The Georgian House was built in around 1790 for a plantation owner and sugar merchant named John Pinney (1740-1818), who settled in Bristol when he left Nevis. Two black servants, one bought as a child, the other born on Pinney’s Nevis plantation, also lived and worked in the house: Pero Jones (c.1753-1793) and Fanny Coker (1767-1820). Fanny had been given her freedom at the age of 11, Pero remained enslaved.
The House was presented to the city in 1937 and Bristol City Council has operated the site as a period-house museum since 1939. Rooms are open to visitors across four floors, and it is divided into life above and below stairs. Life above stairs features rooms such as the Dining Room and Drawing Room across the upper three floors, while life below stairs has the kitchen and housekeeper’s rooms in the basement. Information cards provide details about the objects within the rooms including furniture and paintings, and some information on the people who lived there. It is located in central Bristol near the University and Cathedral.
On the second floor there is a small 2D exhibition, in a room next to the bedroom, giving information on the family, the Nevis plantations, and the black servants. Panels have been present in the room since the 1990s, but they were updated and re-installed in April 2018. A large board features the names of the known enslaved people on the Pinney plantations over 200 odd years, and a graphics panel covers nine topics including Bristol and Slavery, John Pinney, Pero Jones, Fanny Coker, Hard Labour and Resistance. They connect the site, and city, to Transatlantic Slavery, through the stories of individual people.

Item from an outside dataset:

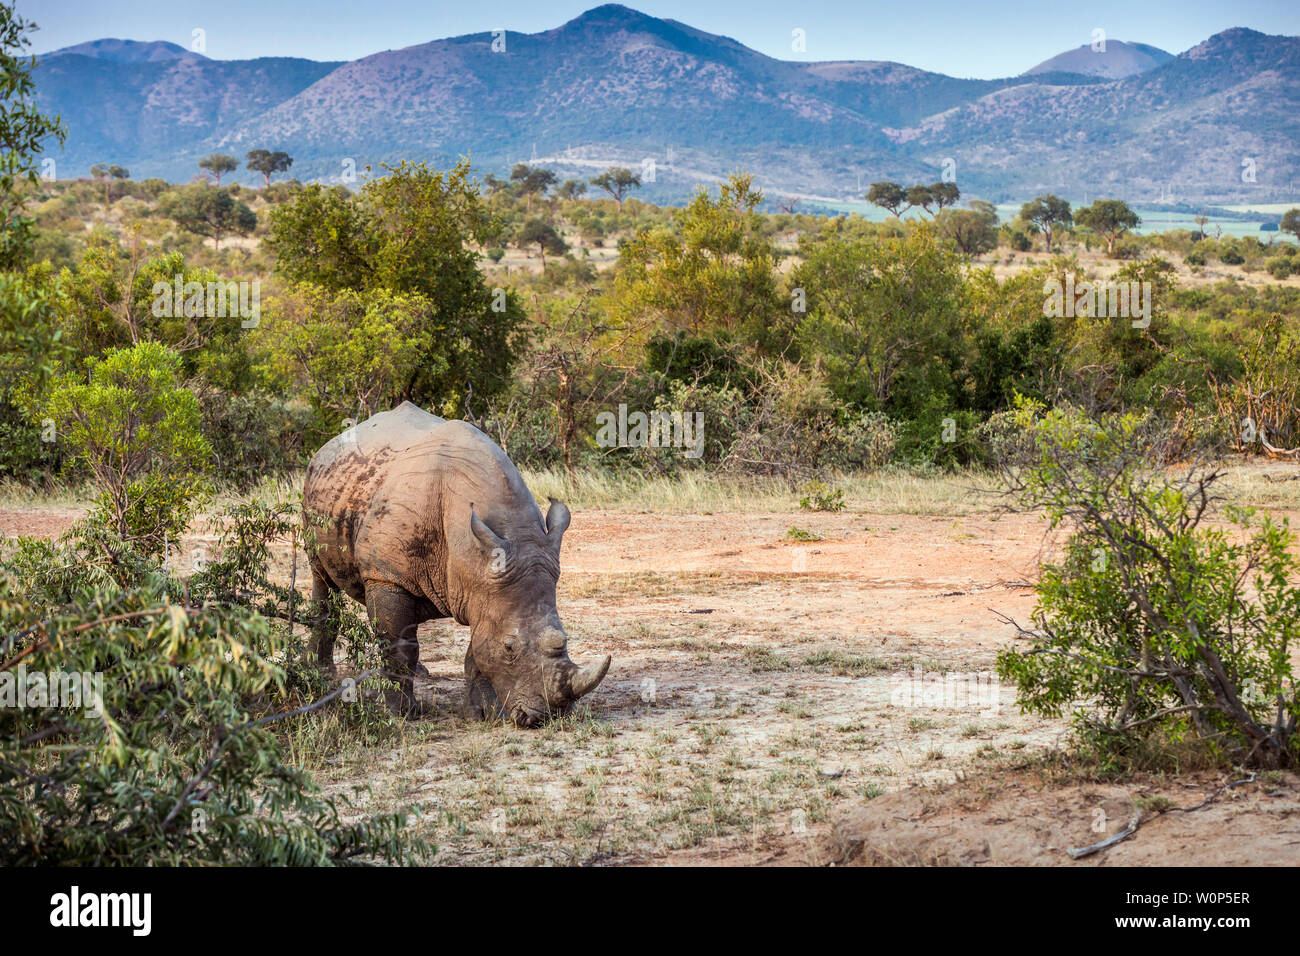 Rhinocéros blanc du sud dans la région de beaux paysages dans le parc national Kruger, Afrique du Sud ; Espèce Ceratotherium simum simum famille des Rhinocerotidae Banque D'Images

In addition to this display there are implicit and explicit references to slavery throughout the house. Slavery is included on the introductory board and first information card on John Pinney. There are also objects, particularly downstairs, including a sugar cone in the larder and a newspaper discussing the slave trade on the kitchen table. Further audio and information is planned to be added at the house, which will tell more about the slavery connections of the family and house.